Breaches get observed in the healthcare sector due to a host of incidents. Credential-stealing malware is one type where an insider deliberately or accidentally discloses a patient’s sensitive data and targets to sell it.
The most sensitive data in healthcare organizations
When we speak about data breaches, have you ever thought about what kind of data gets stolen in a healthcare company? When an individual associates with a healthcare organization, he/she provides his/her Personal Health Information (PHI) and Personally Identifiable Information (PII), per the HIPAA policy.
PHI and the risk associated with it
Protected Health Information is high-quality information related to health status or health care payment. In other words, PHI includes medical payment history or records of a patient. What happens when such information gets leaked? PHI is more valuable than credit-card details or regular identification details in a black market. In this way, cybercriminals aim to target such a database in a healthcare department for personal gains.
The PHI includes:
- Name of a patient
- Date of birth, discharge date, date of death, and administration date
- Fax and contact numbers
- Email and home addresses (including district names and postal codes)
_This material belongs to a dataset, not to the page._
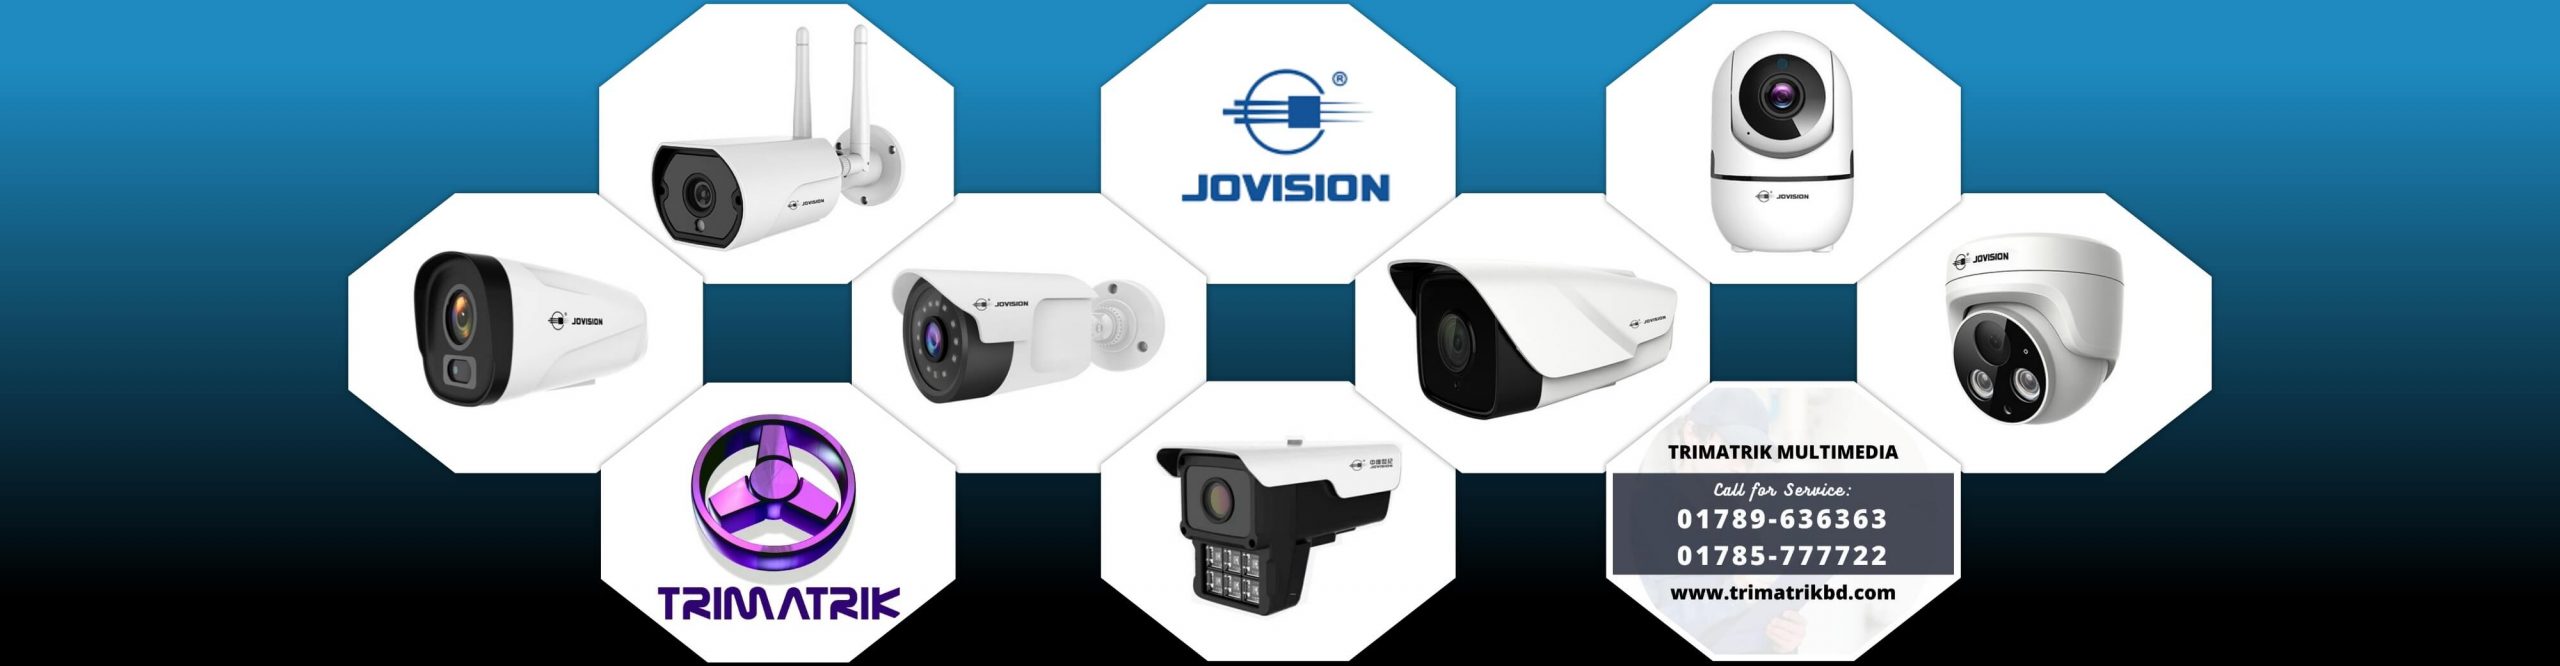 Jovision CCTV Camera in Bangladesh

- Medical records, health plans, certificate, social security information, and account numbers
- Vehicle, biometric, voice, and fingerprints
- Photographs and the full face ID
Some shocking numbers of data breaches in healthcare
Protenus, along with databreaches.net, identified more than 572 healthcare data breaches of 500 or more records in 2019, up 48.6% compared to 2018. The year’s most massive data breach affected a HIPAA-covered entity business associate, a debt recovery agency. That single breach saw the records of more than 20 million patients leaked over several months. Hackers hacked their systems in September 2018 and continued to access those systems until March 2019.
Data breaches in 2020 are significant eye-openers:
- HEALTH SHARE OF OREGON: 654,000 PATIENTS
Oregon’s largest Medicaid coordinated care organization notified 654,000 patients due to device theft (Laptop) from its vendor GridWorks. The stolen device had patient names, contact details, dates of birth, and Medicaid ID numbers.
- FLORIDA ORTHOPAEDIC INSTITUTE: 640,000 PATIENTS
A ransomware attack on the Florida Orthopaedic Institute (FOI) breached the data of about 640,000 patients, as reported to Health and Human Services in July 2020.
Keeping a check on insider threats: RemoteDesk and Healthcare Industry
A malicious insider is a current or former employee, contractor, or a third-party vendor, who has authorized access to an organization’s network. Their main aim is to target such systems to tarnish an organization’s reputation or indulge in financial fraud.
How RemoteDesk manages data breaches in a remote work scenario
Remotedesk’s real-time monitoring of remote workforce helps leverage data protection and security of PII at all costs. Its facial and desktop recognition feature allows finding loopholes such as suspicious activity, imposter violation, or desktop screen capture. As a result, healthcare industries rest assured with their data’s safety in a remote working environment.
Healthcare companies found their way!
Once RemoteDesk got implemented, healthcare companies quickly identified agents breaching compliance policies. After the first two weeks, the administration notified all remote workers of proper clean desk protocol, which resulted in a drop in the number of data breaches from 4.7 incidents/day to .23 incidents/day.